Kolka or Kolbeinsdalsá (literally: Kolbeinn's valley river; also formerly Kolbeinsá or "Kolbeinn's river") is a river that originates in the Tungnahryggsjökull glacier and is therefore often glacier-colored. Near its source, the river splits into two branches (near Tungnahryggur ridge), with the eastern called Kolka and the western Tungnahryggsá. They are sometimes called Austurá and Vesturá (East River and West River), respectively. The Kolka flows lengthwise along Kolbeinsdalur valley in Skagafjörður, Iceland and continues north along Óslandshlíð until it reaches the sea in Kolkuós. After the rivers run parallel for a good distance, the Hjaltadalsá river and Kolka merge together a little further down at the farm Þúfur in Óslandshlíð, and the river is called Kolka from there on. Both rivers flow rapidly in parts and it very difficult to build bridges over them. The rivers are suitable for white-water rafting when the water is high.

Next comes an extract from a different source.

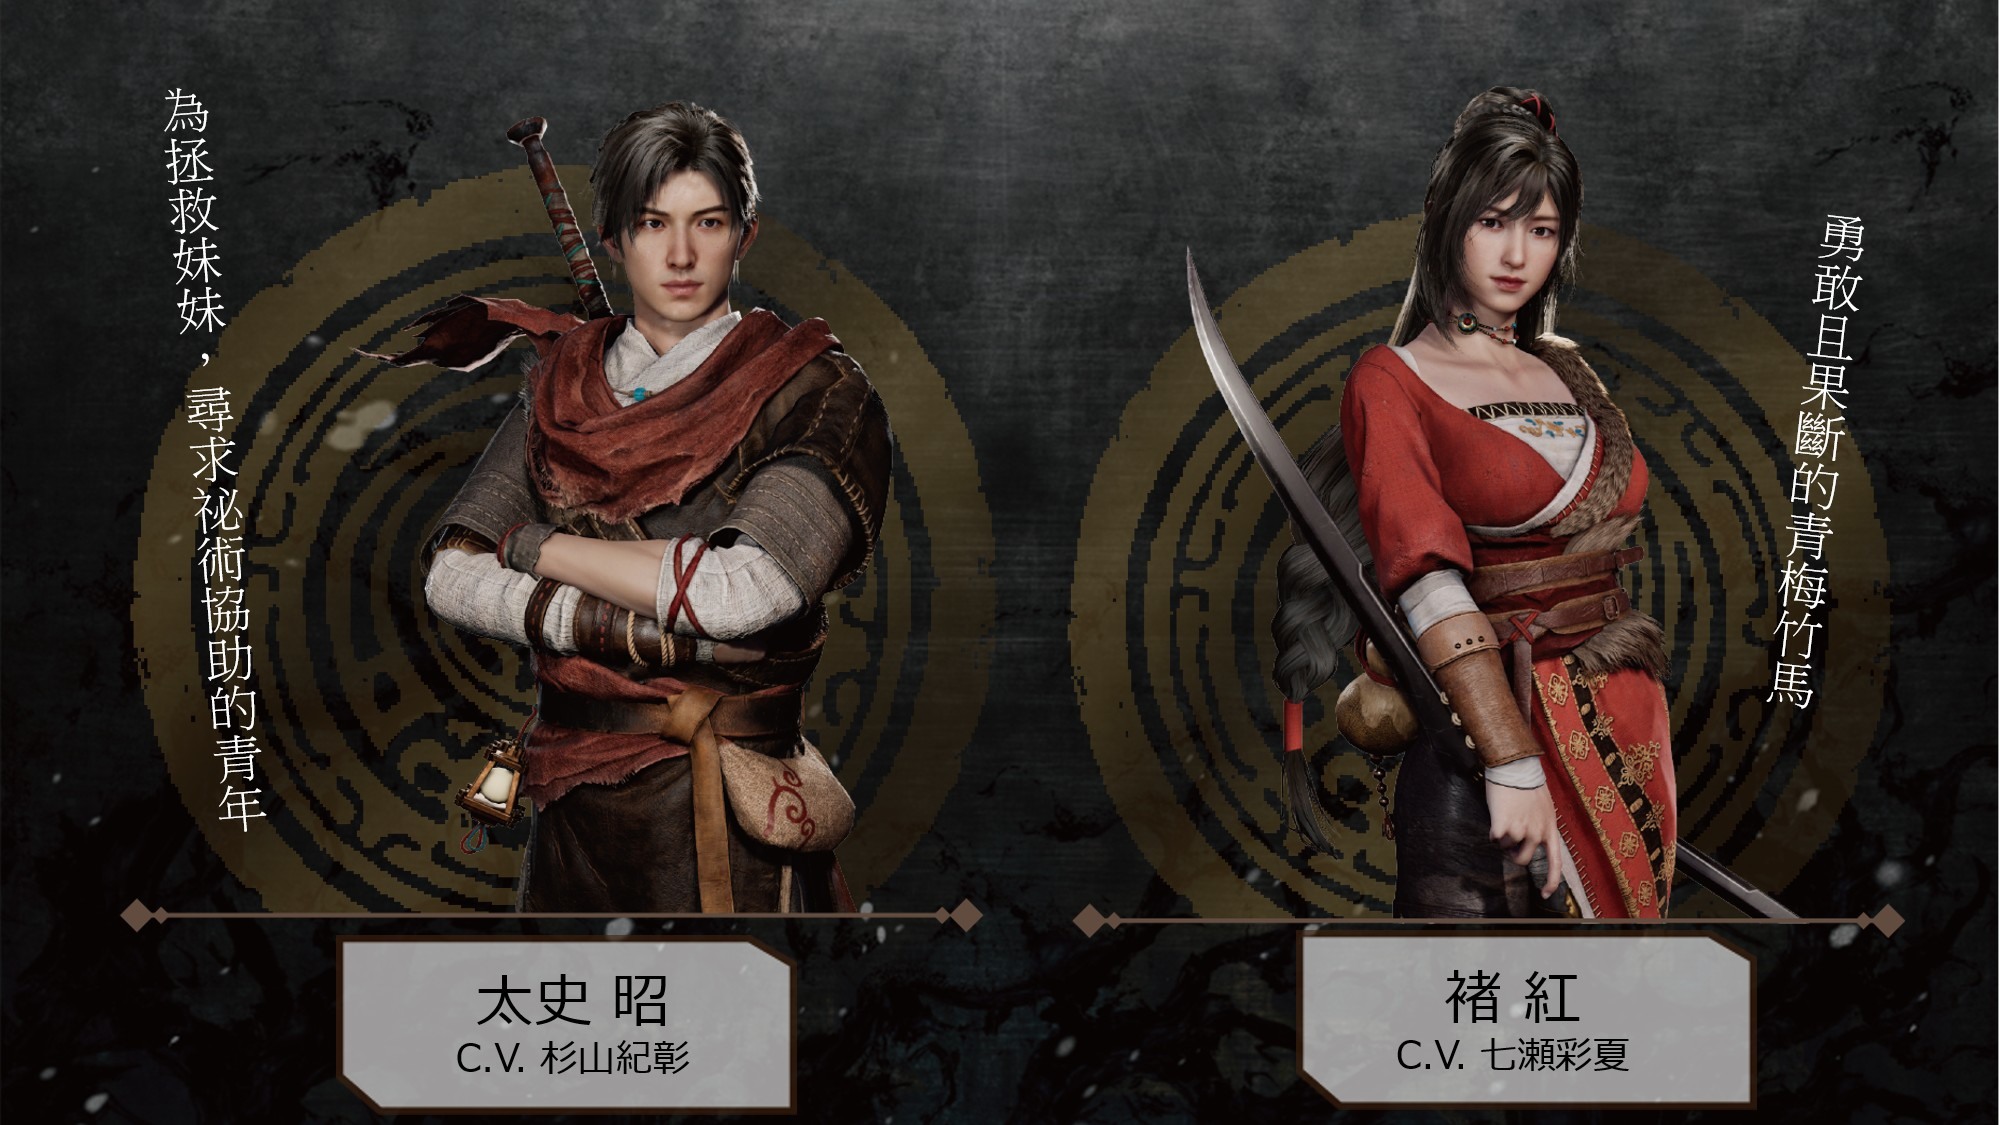 軒轅劍柒 Ps4 版即日起可免費更新追加日文語音 Xuan Yuan Sword Vii 巴哈姆特

There is considerable trout fishing in Kolka, more than in Hjaltadalsá, although there is a dam in the Kolka that limits fish migration. Many fish are raised a little further below the dam, and there is local brown trout above it. An attempt has been made to raise salmon in the river and it has had some success, although there is not much salmon fishing. The Reykjavík Angling Association (Stangveiðifélag Reykjavíkur) manages the river and sells fishing licenses.

==Sleitustaðir==
Sleitustaðir or Sleitu-Bjarnarstaðir (sometimes Sleitubjarnarstaðir) is a town in Kolbeinsdalur valley—although some consider it to be outside the mouth of the valley—on the eastern side of Skagafjörður. The town is named after the settler Sleitu-Björn Hróarsson. There are the beginnings of a village, including some houses, a garage, a gas station, and a small store. There were significant bus operations out of Sleitustaðir and the people there had exclusive privileges to operate on Siglufjarðar road. It is also the location of a power plant.

In 1985, a privately held power plant was built in Kolka near Sleitustaðir that sells power to the distribution network, RARIK. It produces 200 kw of power and it is owned by the private company Sleitustaðavirkjun Ltd.